In the pedigree-based analyses, Egger’s test didn’t show any significant publication bias for METP, METY, METINT, and METC (P > 0.10). Based on this, the trim-and-fill method did not identify any missing studies, and the adjusted heritability were consistent with the initial values. However, for RMET, significant publication bias was detected (P = 0.00041), with four missing studies estimated on the left side of the funnel plot. The adjusted heritability for RMET decreased to 0.154, indicating a meaningful reduction from the original estimate. Fig 10 shows the funnel plot of pedigree-based METP and similar plots of other traits are shown in S7–S10 Figs.
Details are provided in Fig 9.
Discussion
The investigation of methane-related traits across different cattle breeds represents a fundamental component of genomic strategies aimed atmitigating greenhouse gas emissions in the livestock production industry [3,52]. Genetic selection for reducing methane production is considered a sustainable approach because the realized genetic gainsare cumulatively transmitted to subsequent generations, thereby providing long-term environmental benefits [53,54]. In this context, the present research, employed a rigorous and comprehensive meta-analysis of GWAS to integrate heterogeneous evidence on methane traits across multiple breeds and experimental designs. Through systematic screening and inclusion of eligible studies, a consolidated dataset encompassing 4,336 animals was compiled, substantially increasing the statistical power compared with individual studies.

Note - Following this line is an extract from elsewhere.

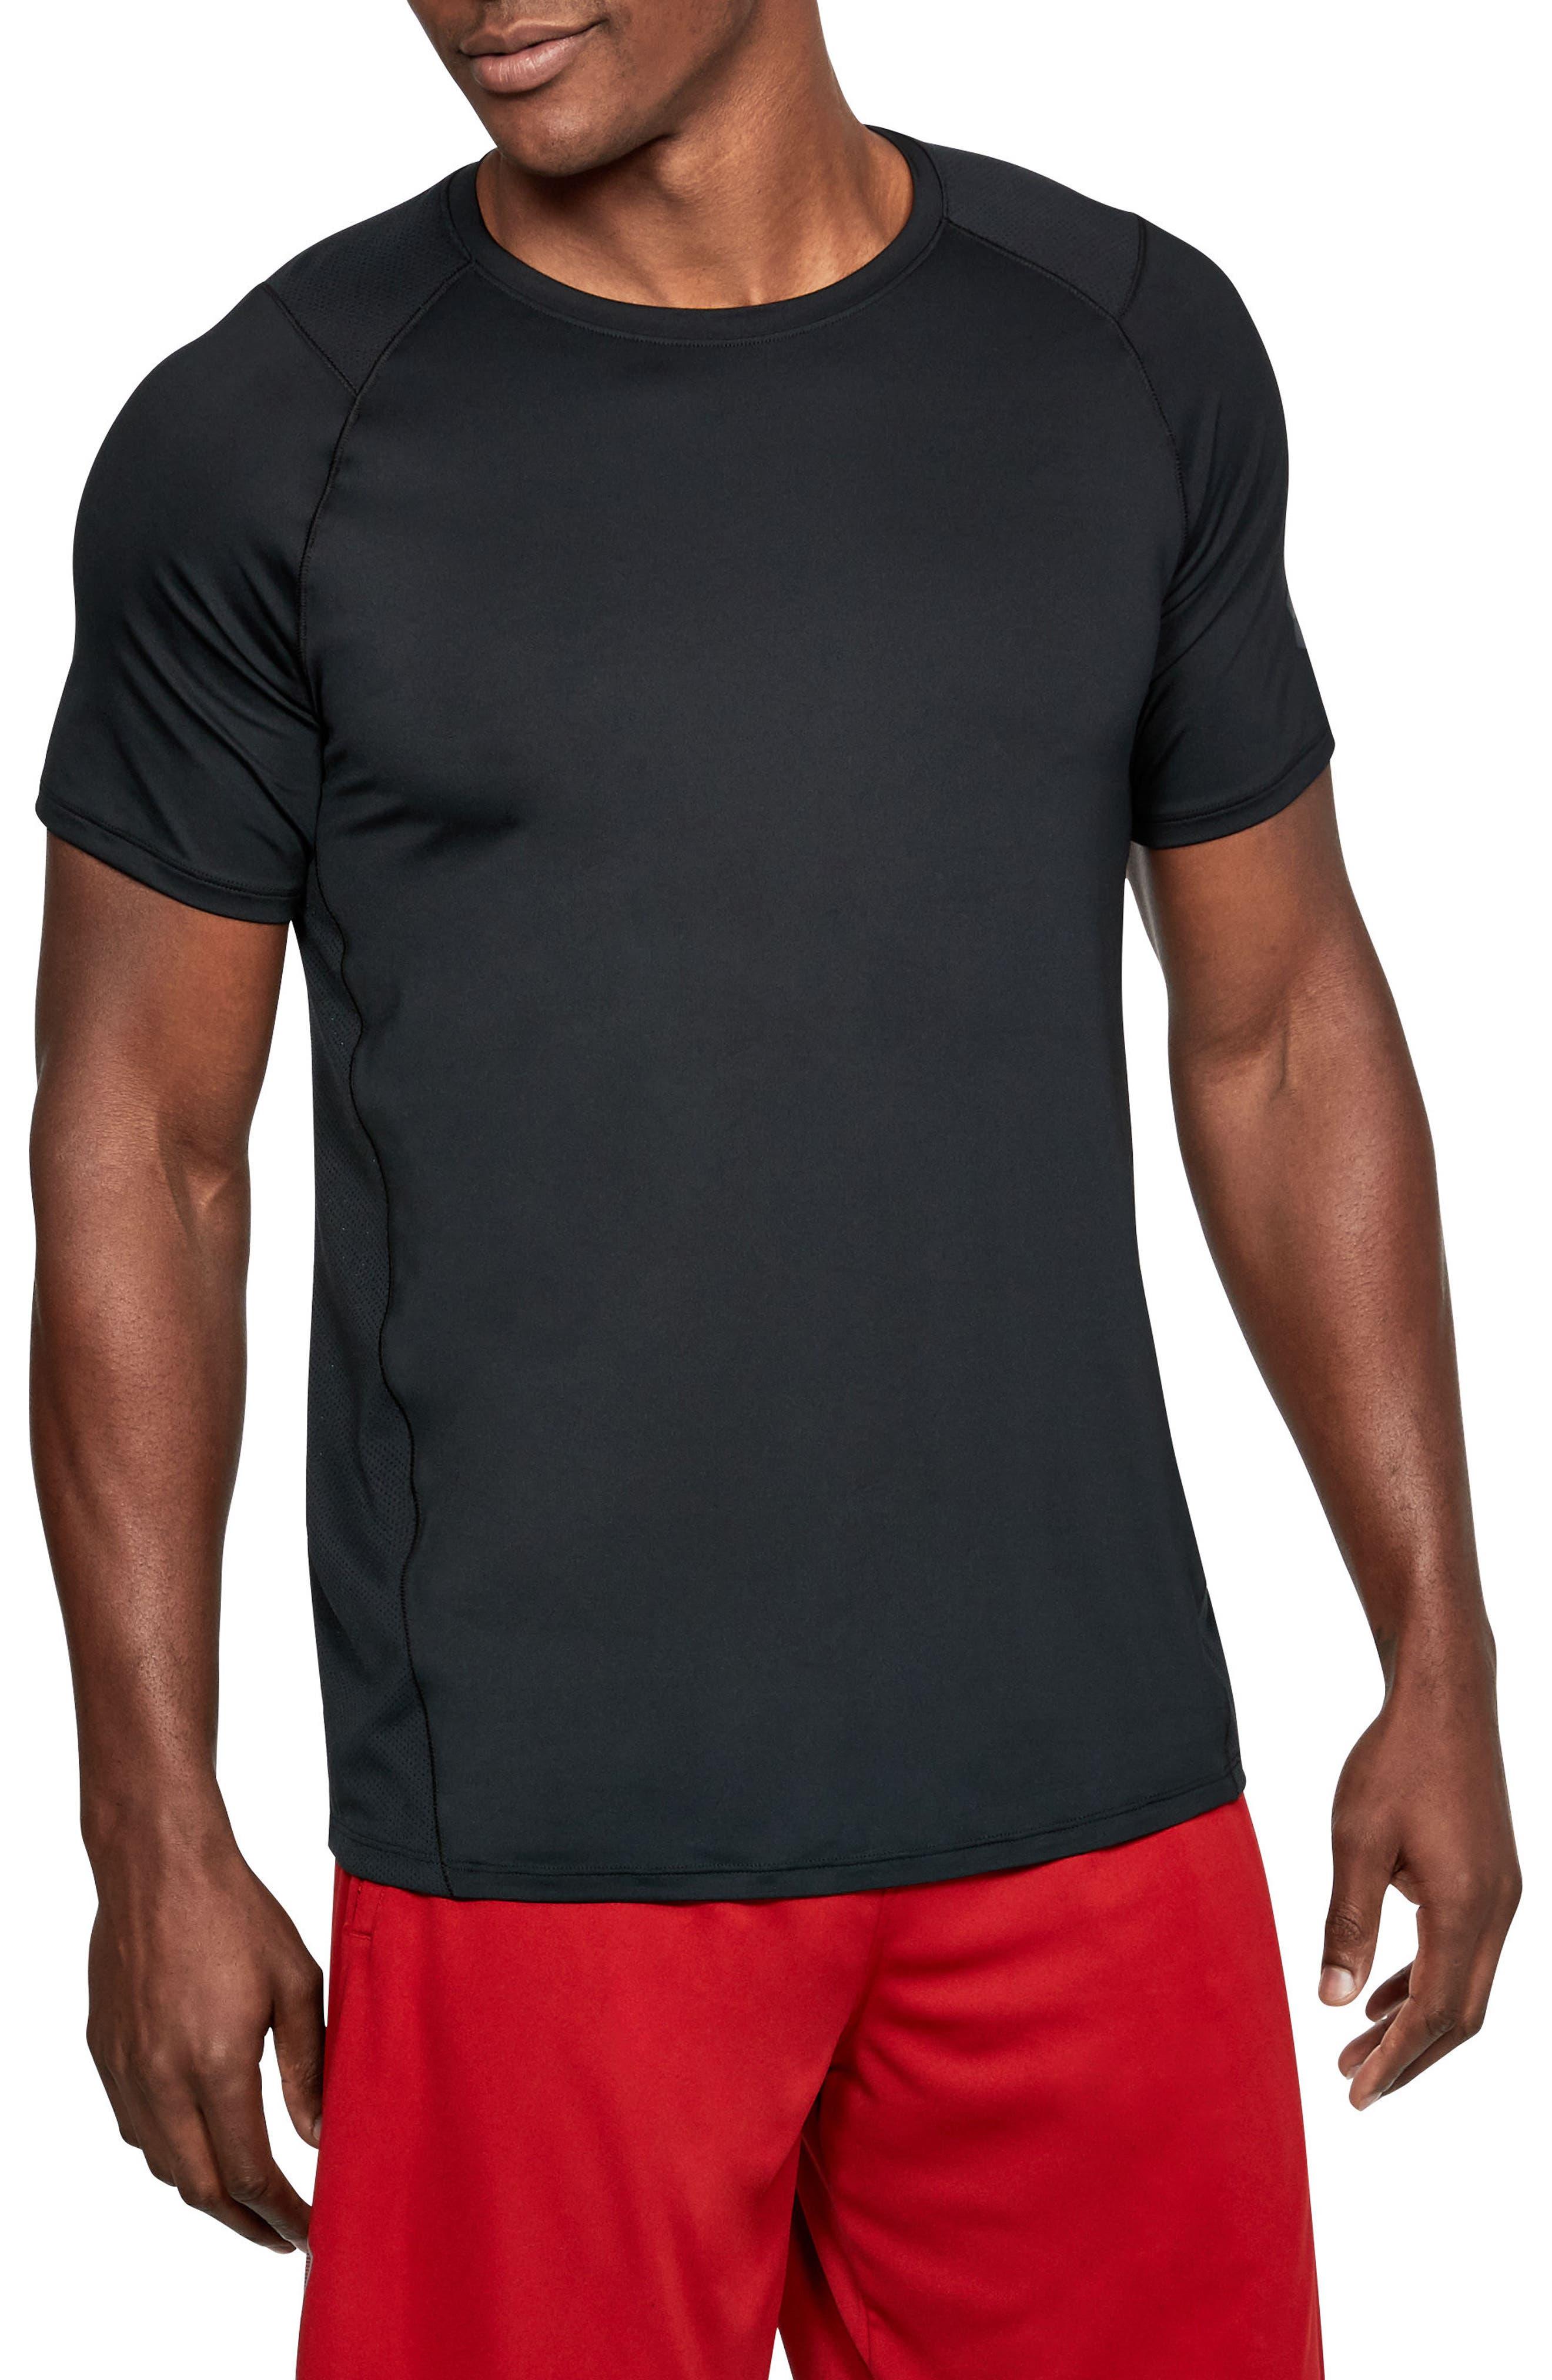 Raid 2.0 Crewneck T-Shirt,                         Main,                         color, Black/ Stealth Gray

The Meta-analytical GWAS identified 173 SNPs associated with methane-related traits, of which 74 remained statistically significant after Bonferroni correction (P < 2.90 × 10−4). These significant SNPs were distributed across various chromosomes, underscoring the polygenic nature underlying methane production traits in cattle [20]. Further investigation of adjacent genes and descriptive studies showed that no common significant SNPs were found across studies, which was probably due to heterogeneity in study designs, breed composition, and statistical methodologies. The meta-analysis methodology used in the study helped combine and amplify statistical power of independent studies, thus, providing a wider range of expected genomic areas of methane traits. In addition to the discovery of the markers, the research provides a synthesis of the estimates of the genetic parameters, which clarifies the heritability of methane traits, using the evidence of genomic and pedigree [23,29,30]. When an extra quantitative meta-analysis based on the CMA framework was included, the estimates of heritabilities and heterogeneity parameters were refined to show a consistent picture of moderate genetic determination of production-level traits. These results align with previous reports in Holstein and Danish Holstein populations, where heritability estimates for methane production (0.16–0.49) confirm the feasibility of achieving genetic progress through selection [52,53].

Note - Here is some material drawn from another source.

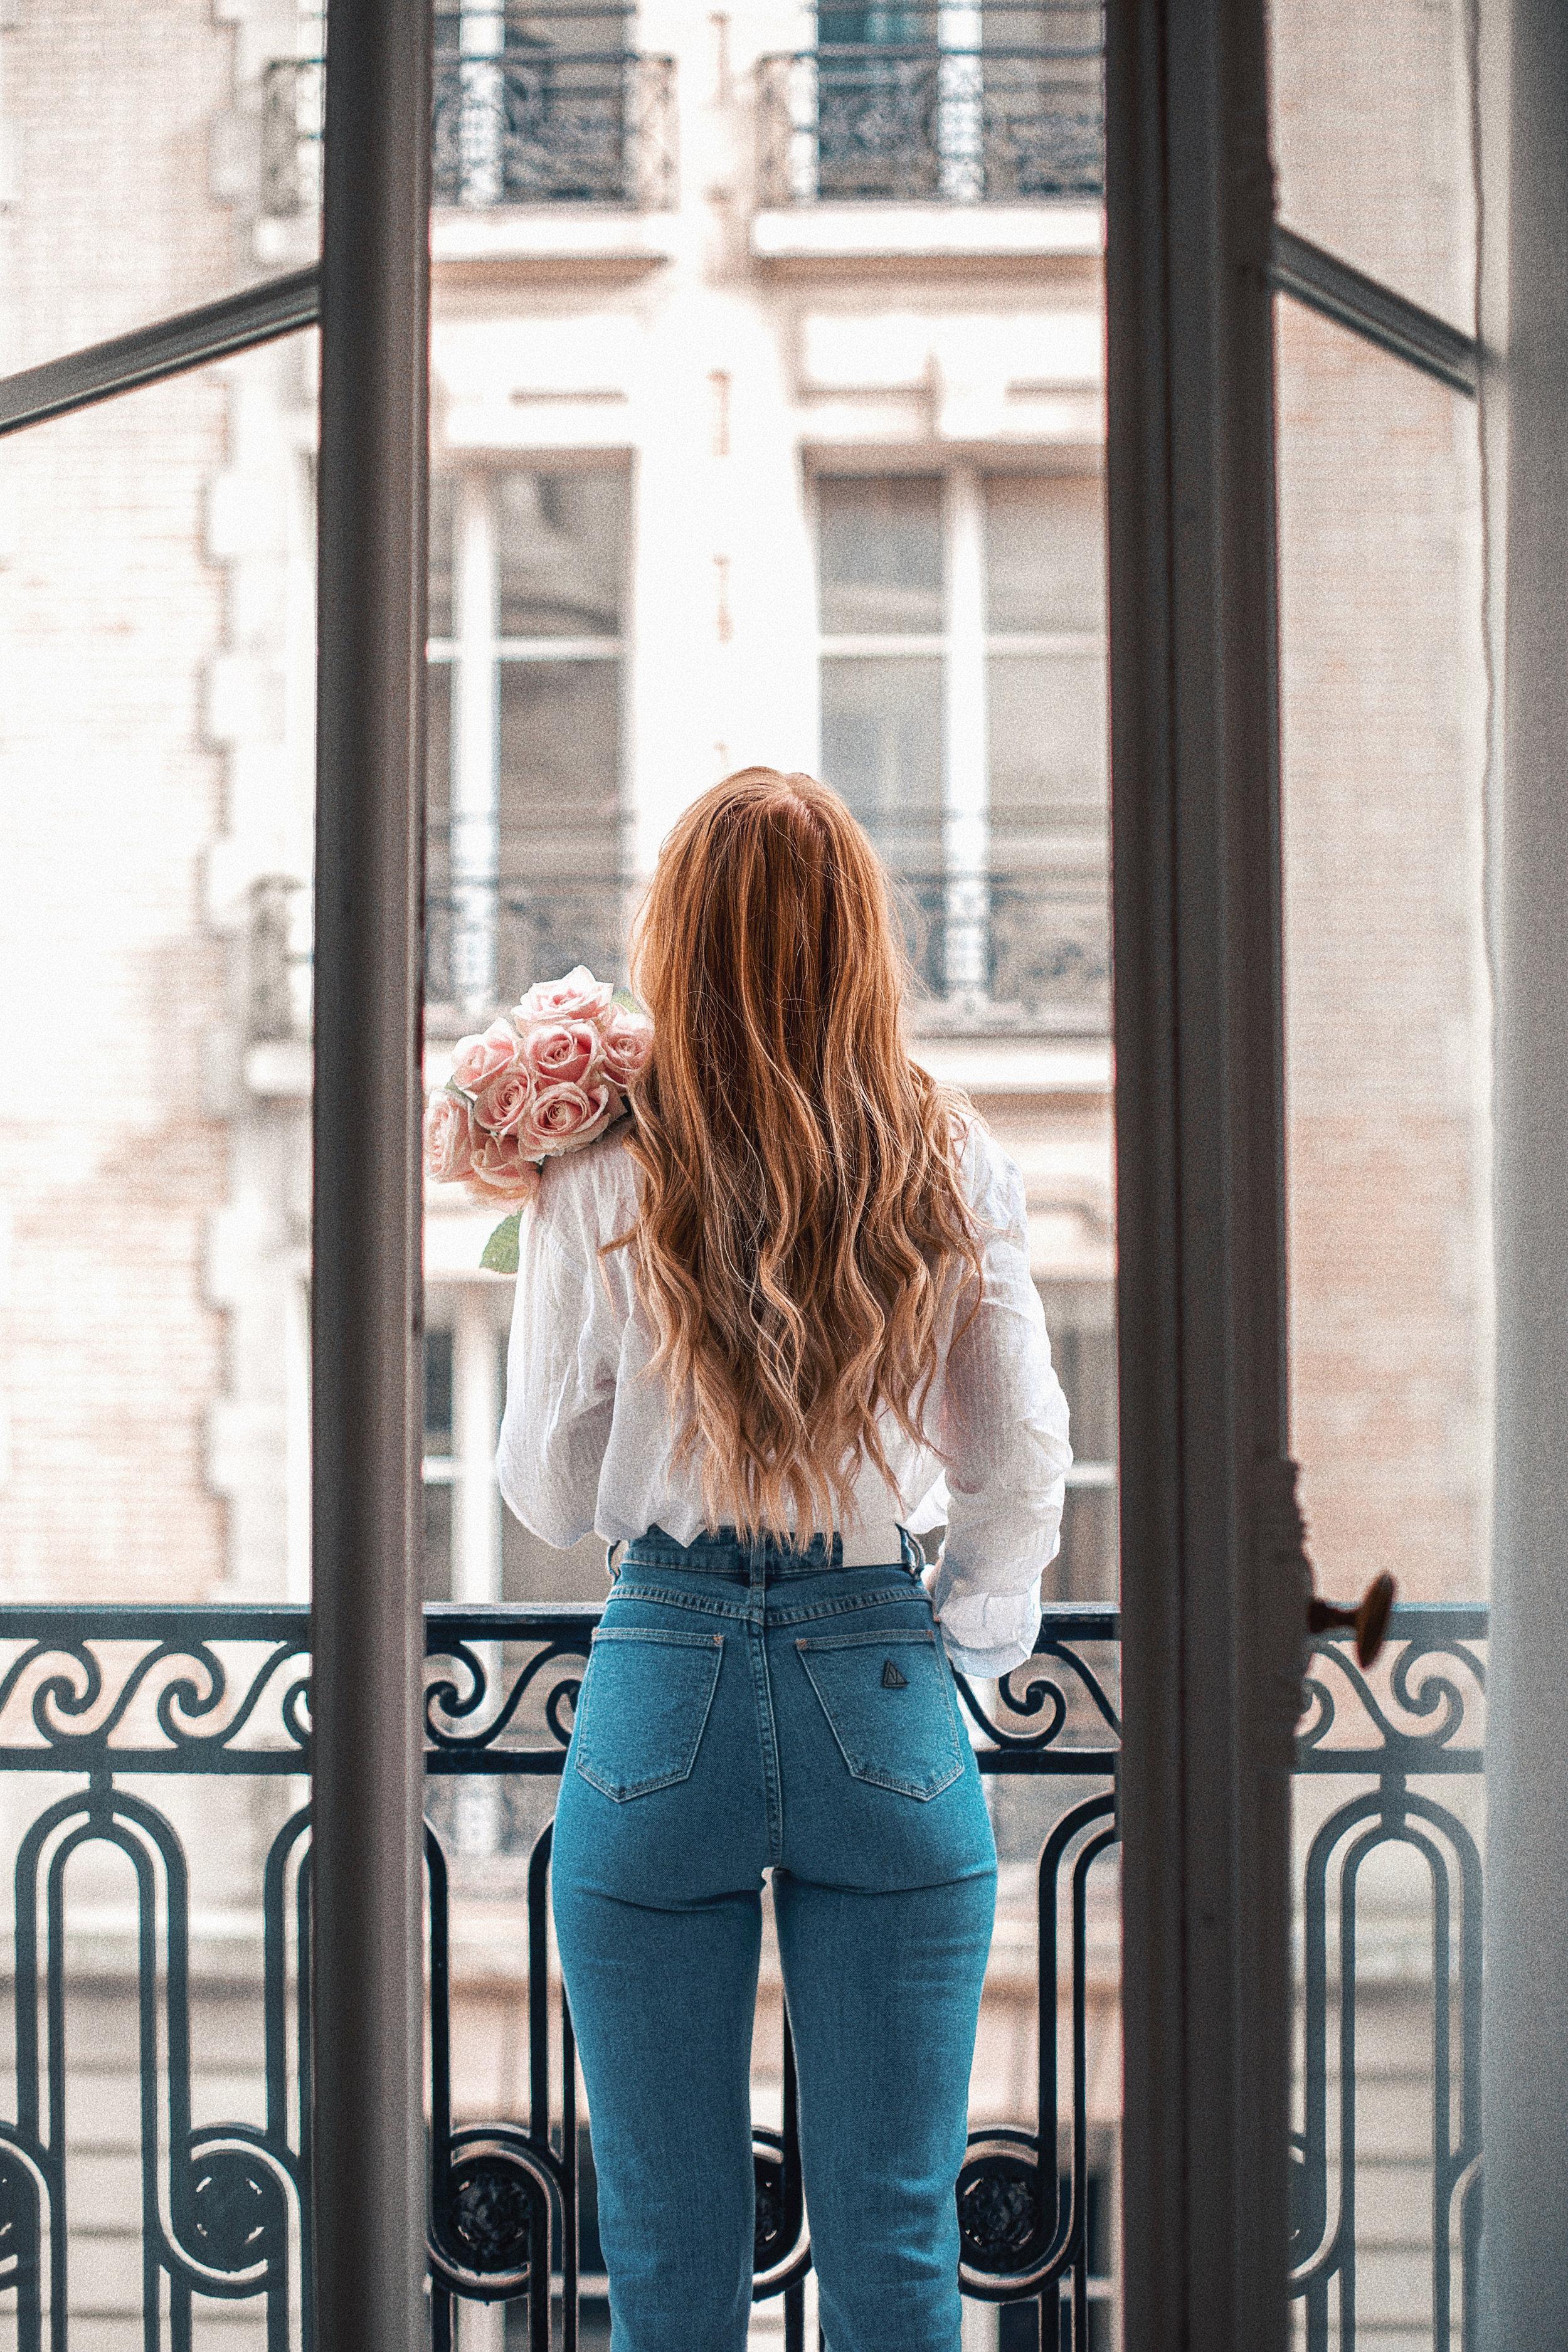 lion-in-the-wild_paris-hotel-balcony-romance-pink-roses_2.jpg

Furthermore, the convergence between methane traits and correlated indicators such as feed efficiency underscores the practical breeding relevance of these results. Traits with positive genetic correlations with methane production can be efficiently integrated into selection indices, and thus, goals will be reached in both environmental sustainability and efficiency of production [19,54,55]. Taken together, this meta-analysis would not only summarize the existing evidence of the heterogeneous studies, but also point out the new possibilities of genomic optimization of the methane traits, which would provide a statistically reinforced and biologically oherent framework for sustainable livestock breeding.

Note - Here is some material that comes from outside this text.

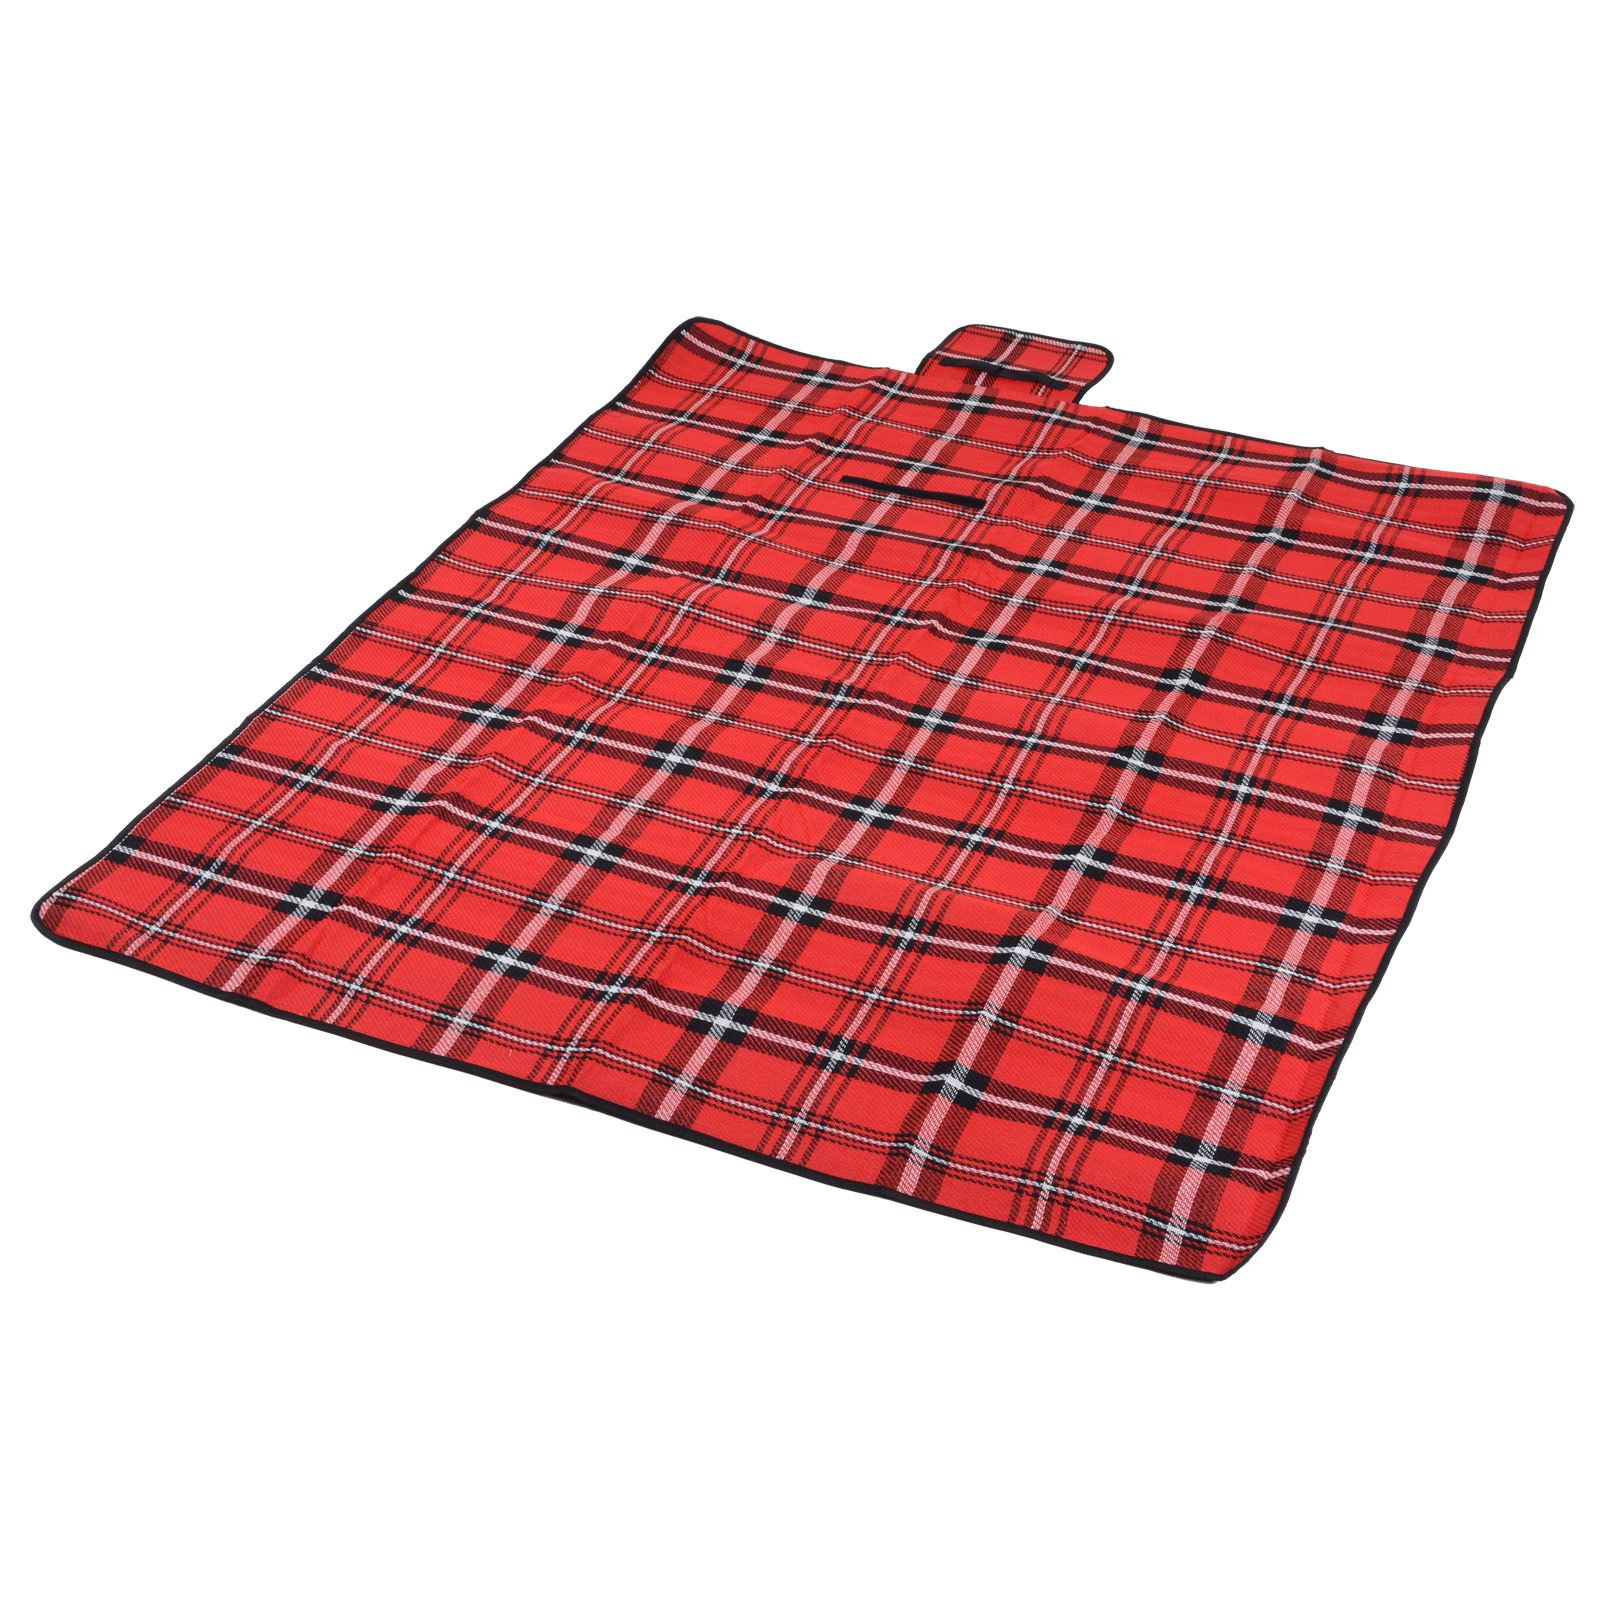 Azuma Outdoor Picnic Blanket Rug PEVA Waterproof Backing ...

The present dual analytical approach combining meta-GWAS with the independent meta-analysis of heritability estimates provides a full framework of the evaluation of both the genomic signals and the quantitative genetic variation of methane emission traits in cattle. This method does not determine the entire genetic architecture, but rather defines the recurrent patterns found across studies and estimates the strength of additive genetic control, which can be used as a biologically and statistically supported basis of future validation. The findings underscore the fact that the methane characteristics, though polygenic and environmentally adjusted, are moderately heritable and hence they should be considered as the possible targets of selection in breeding programs. Notably, this synthesis fills the gap between molecular level understanding of SNP and pathway analysis and population level demonstrations of heritable variation which contributes to the better understanding of genomic data into practical breeding. The study thus leads to a more integrative view of the possibility of host genetics to affect methane phenotyping so that they may serve as the basis of evidence in the design of future genomic prediction and selection systems. The production of methane-associated characteristics should be targeted to achieve global climate and sustainability outcomes and preserve the efficiency of production. These traits are economically feasible and genetic gains can be increased during consecutive generations. In light of global initiatives aiming to reduce methane to lower the amount of methane released into the atmosphere by the year 2050, the use of genetic enhancement of cattle with special attention to methane characteristics is a factual and realistic avenue that can be used to meet climate goals. However, further merging of functional genomics and metagenomic data will be necessary in order to transform these statistical linkages into informative and practical breeding tools [53,56].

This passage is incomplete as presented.